DeusModus October 11, 2010 at 14:21

An approach to optimizing an application using the example of the popular CMS

An article can help your live project not slow down (or slow down less), or become a starting point for researching a third-party product.
For example, your task is to understand what is going on inside the “Samopisnaya system 3.14” and, again, help her not to eat 100 megabytes of RAM per client.

About the research program

WebAsyst Shop-Script is the second attempt of the guys from LLC Artikus to do well. The first attempt was full of holes and bringing many problems to this day Shop-Script Premium.
Strictly speaking, WebAsyst is a whole complex of programs such as notepad, calendar and project manager, but for a person who is not the first day in Internet development or business, these solutions are unlikely to be interesting (basecamp).
Whether their attempt was crowned with success or not, I can say so, just recently we celebrated the 666th revision of an alternative branch and this is not the end.

Goals

The goal is to identify the most resource-intensive operations and determine the state of the system with critical data volumes. By data I mean the number of categories and products. In some cases, recommendations will be made on optimization, but seeing the source of the trouble to neutralize it is not so difficult.

Preparation: directory structure and dependencies

Most recently, I asked on habravoprosy about a component for automatically generating dependencies between files and discovered for myself an extension that is friends with Graphviz, which I advise you, otherwise I’ll understand that almost the most important component of the program is located at
\ published \ SC \ html \ scripts \ modules \ test \ class.test.php
and why
published \ SC \ html \ scripts \ modules \ test \ _methods \ search_simple.php will be tedious and uninteresting.
I followed the path of grep, because I had the time and the need to know the essence, but I don’t want it anymore and I don’t advise you.
Especially considering their experiments with callback, from which I still feel nauseous.

Preparation: Content Filling

It would be foolish to argue that testing (unless it is an alpha development stage) on a small amount of data does not make sense. Therefore, first of all, fill your CMS with content to the eyeballs. If there is no real data, write a spammer who writes to the database for as long as possible or while you want this to happen.
WebAsyst SS behaves completely differently on catalogs with 450th and 4500th products.

Preparation: overloading standard functions

I will not talk about overload in terms of OOP, but overload in the forehead. The method is simple - we go through all the files in search of a standard function, replace it with ov_ {original_name} and here all the cards are open. We want, we log all database queries, we want, we see who and when to knock on fopen, fwrite, file_get_contents or trying to use black magic, like eval. The most useful logging is mysql_query, since performance usually rests on the backend.
I use something like this:

function ov_mysql_query($text) { $debug=false; if($debug){ $source=debug_backtrace(); $src_array_count=count($source); $what=array('\r\n','=',',','?','&','+',')','(','/'); $to=array('\r\n','_','_','_','_','_','_','_','_'); $filename=str_replace($what,$to,$_SERVER['REDIRECT_URL']); static $function_counter_m = 0; $function_counter_m++; $oldDir=getcwd(); chdir($_SERVER['DOCUMENT_ROOT']); $fp = fopen('logs/'.$filename.'.log', 'a'); fwrite($fp, $function_counter_m.') '.str_replace('\r\n','',trim($text))."\r\n"); for($i=0;$i<$src_array_count;$i++) { fwrite($fp,'DEBUG INFO:'.$source[$i]['file'].' | '.$source[$i]['line']."\r\n"); } fwrite($fp,"\r\n"); fclose($fp); chdir($oldDir); } $q=mysql_query($text); return $q; }

As a result of work, a file with debugging information (call stack) about the request and the request itself are saved in the www / logs folder.

Preparation: xDebug

To be honest, it’s hard for me to call debugging an attempt to figure out someone else’s mechanism. Rather, it is a preparation. However, whether or not you have a debugger directly depends on whether you can identify bottlenecks and optimize the system. If you write programs in php, then you need xDebug - it is free and it is supported by all at least a little self-respecting php code editors.

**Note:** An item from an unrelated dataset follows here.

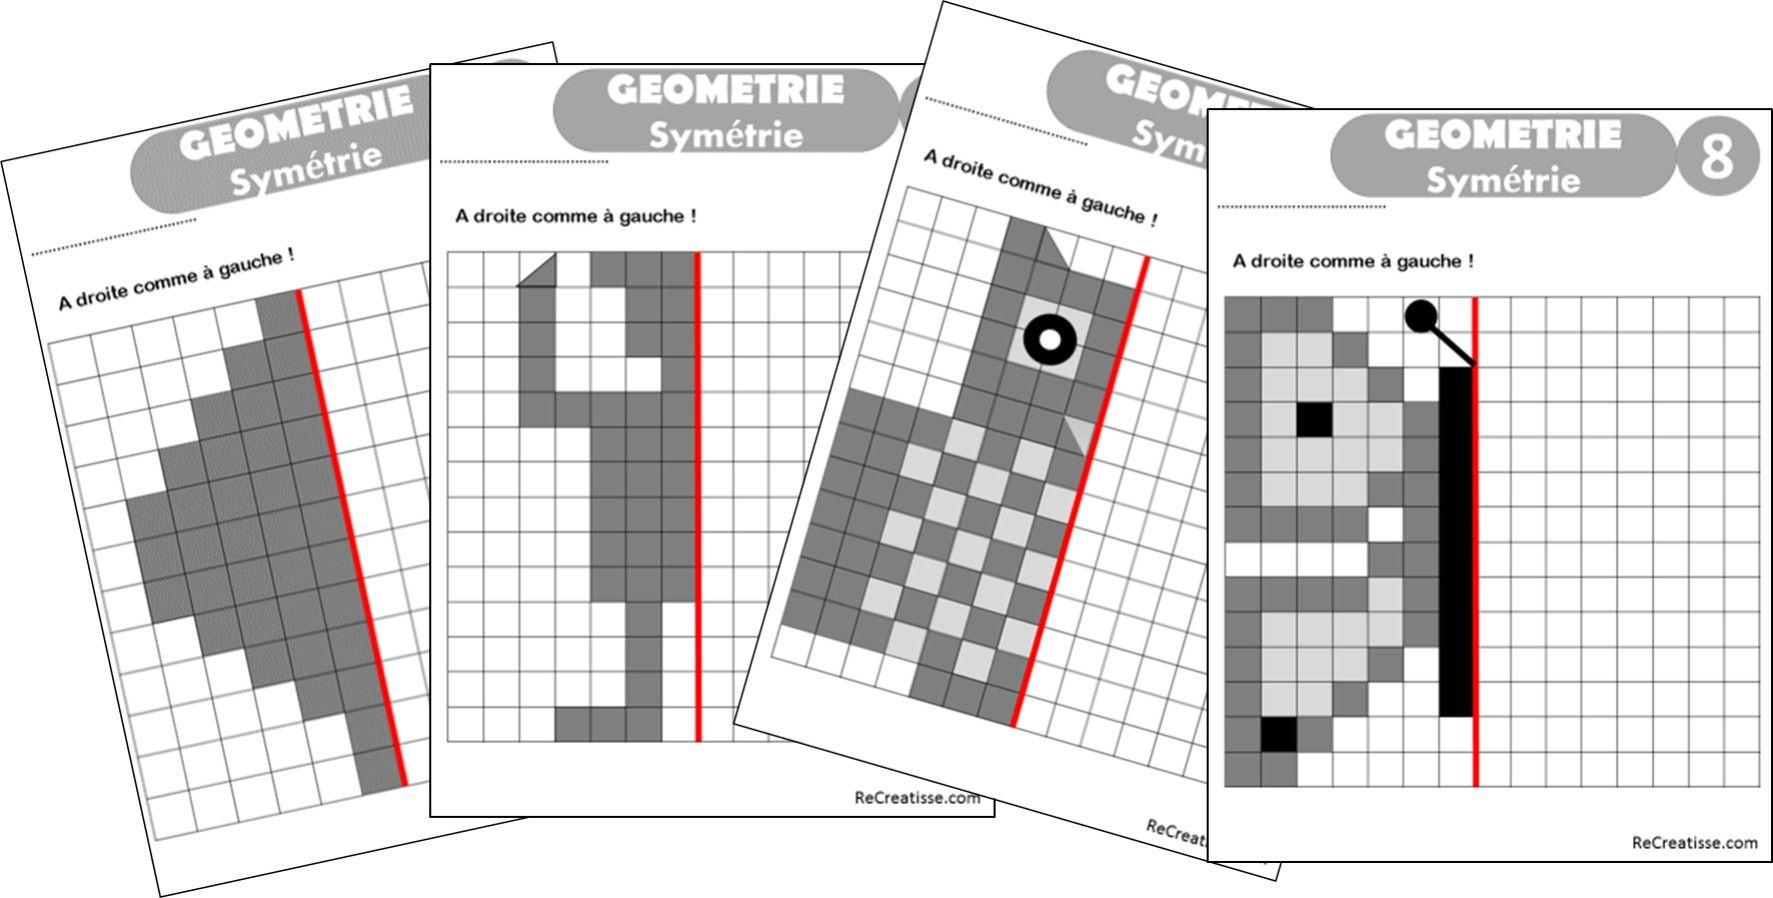 Geometrie : Ateliers Symétrie Et Exercices | Géométrie, Axe avec Exercice Symétrie Ce1

The debugger generates special dumps in the directory you set, in which various data are stored (optionally). Since the main OS I have is Windows, you can have an advantage at this step, since Linux kovcachegrind is much more convenient than wincachegrind (both programs allow you to view these dumps, although in truth these are ordinary txt files that can be read through notepad when due severity).

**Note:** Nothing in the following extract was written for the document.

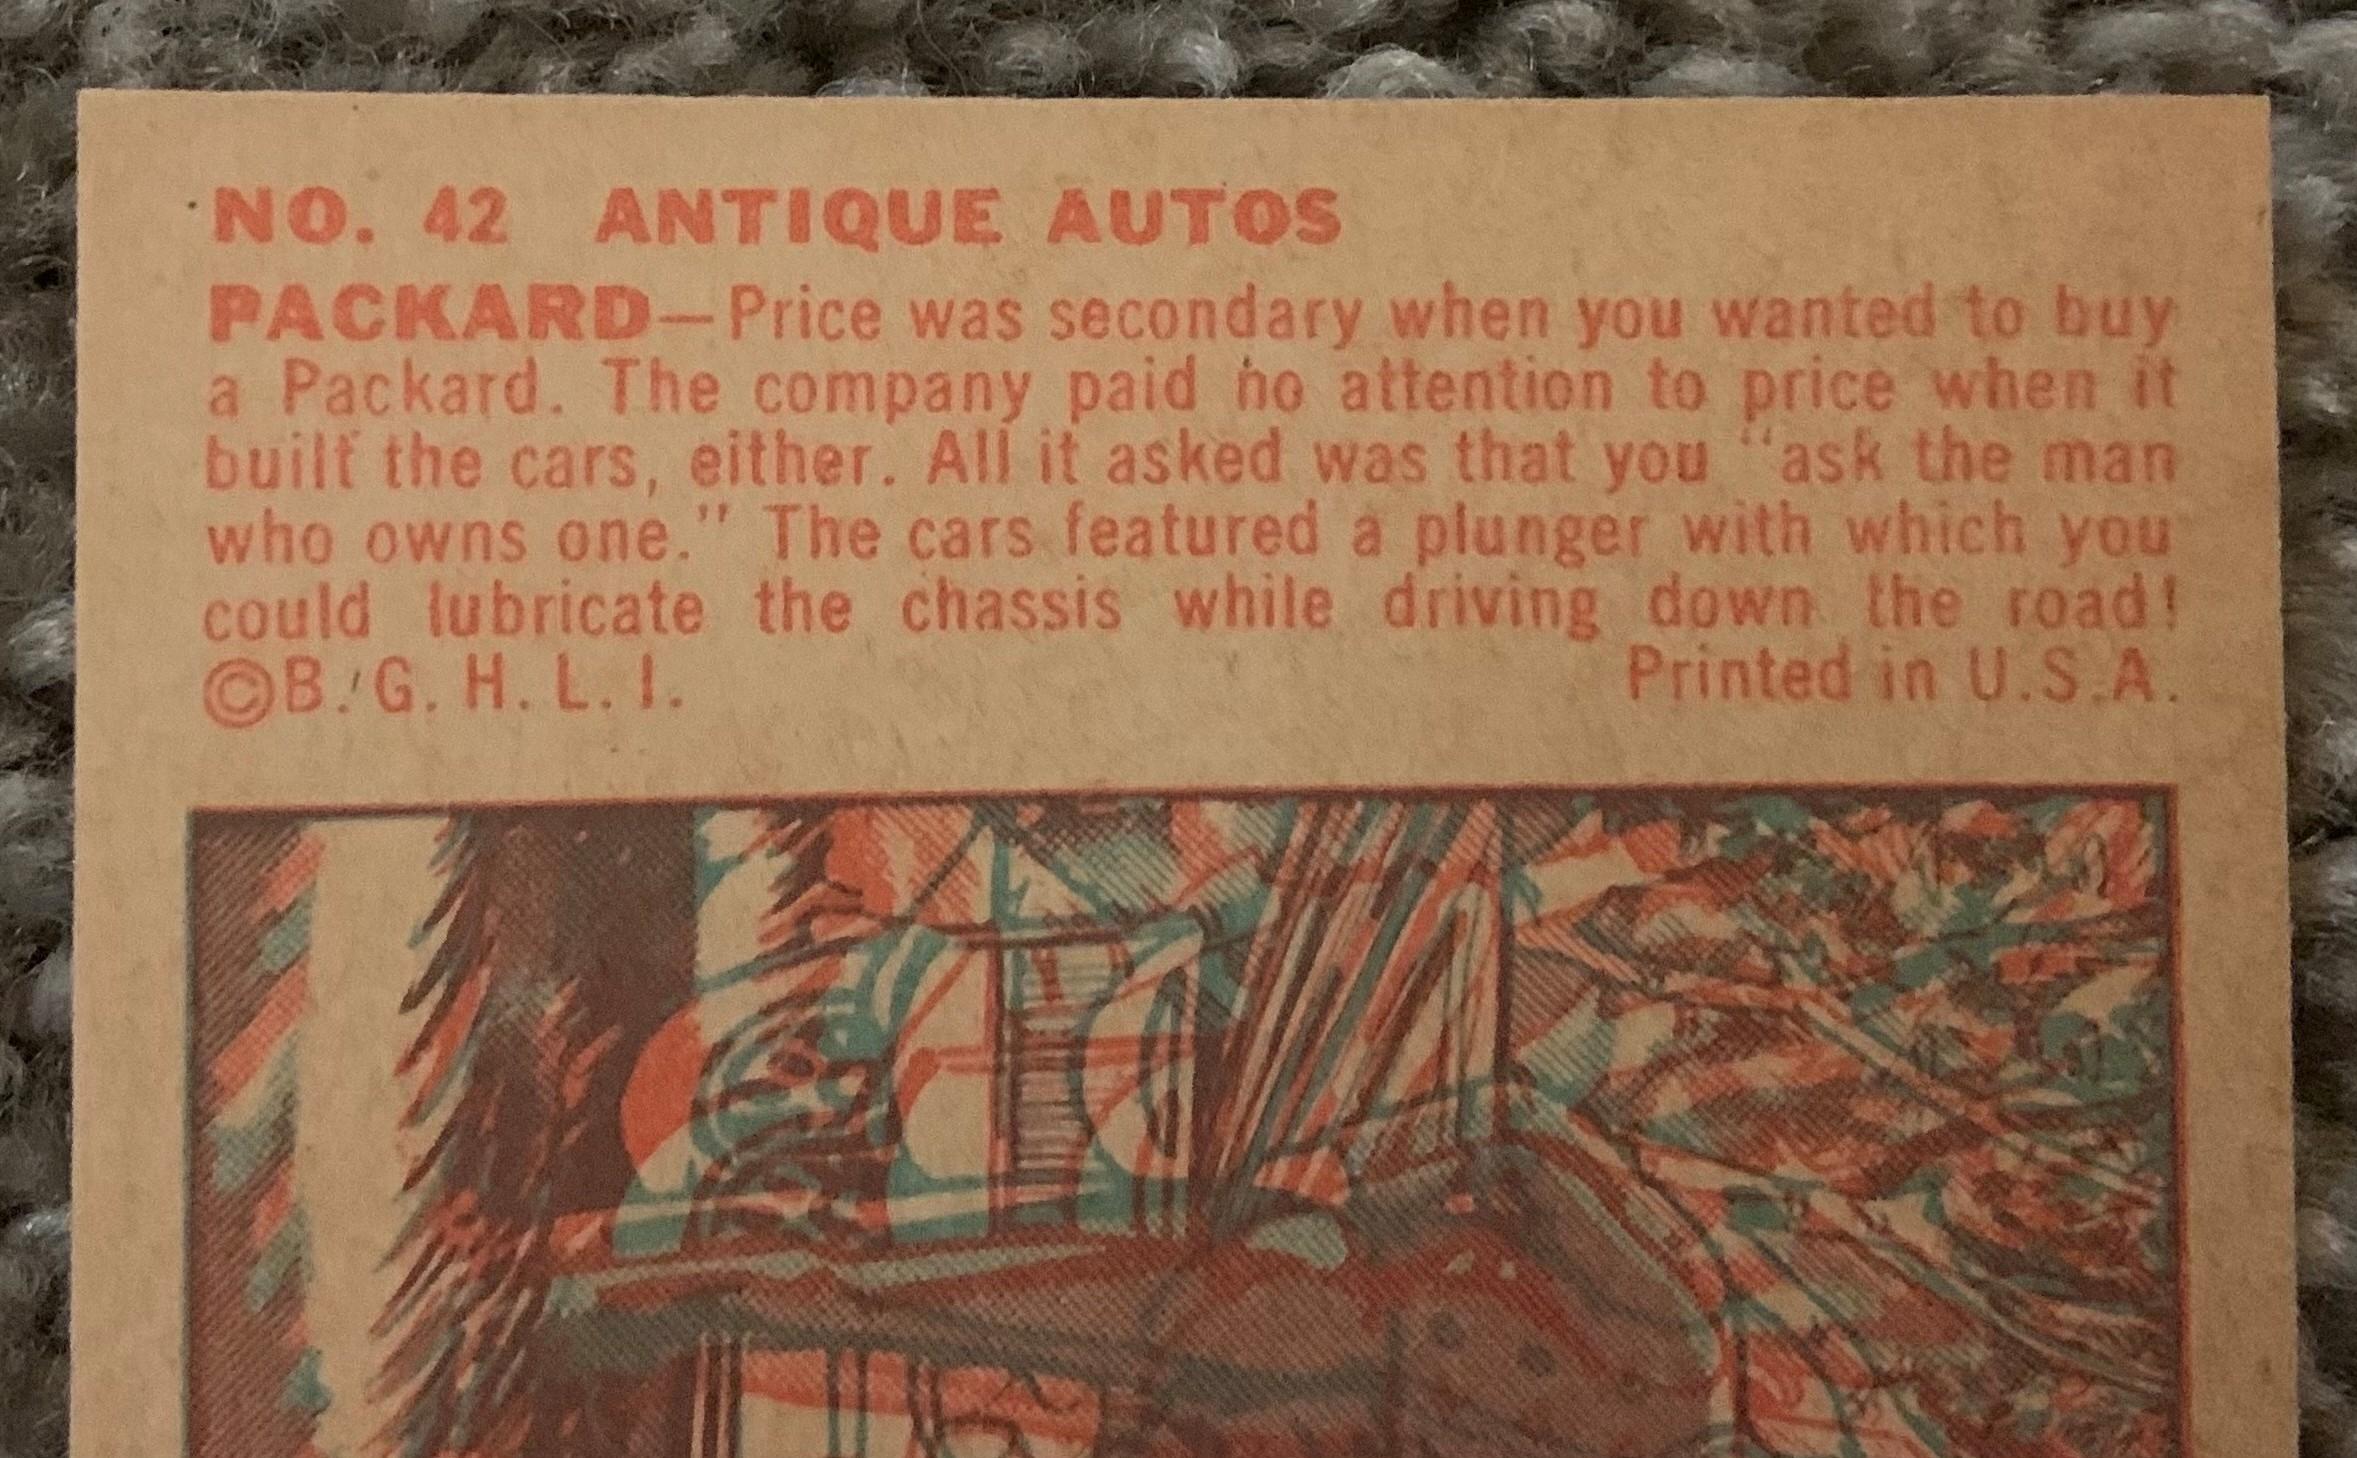 1953 Bowman Antique Autos - No. 42 Packard copy on back

Let's start to slow down the zombies.

Test stand

Used version of WebAsyst : 287 (clean, without patches and mods) *
Number of products in the database : 4461
The number of types of characteristics in the database : 144
The number of characteristic values in the database : 44170
The number of categories in the database : 354
The number of pictures in the database : 3516

* but those who follow their changelog anyway, because from 250 it differs only in the color of the buttons in the subwindow of the admin window

A little bit about the initial configuration

The results of a clean engine on the default of one product and one category. The program contains regular caching mechanisms, but you can judge how much they justify themselves.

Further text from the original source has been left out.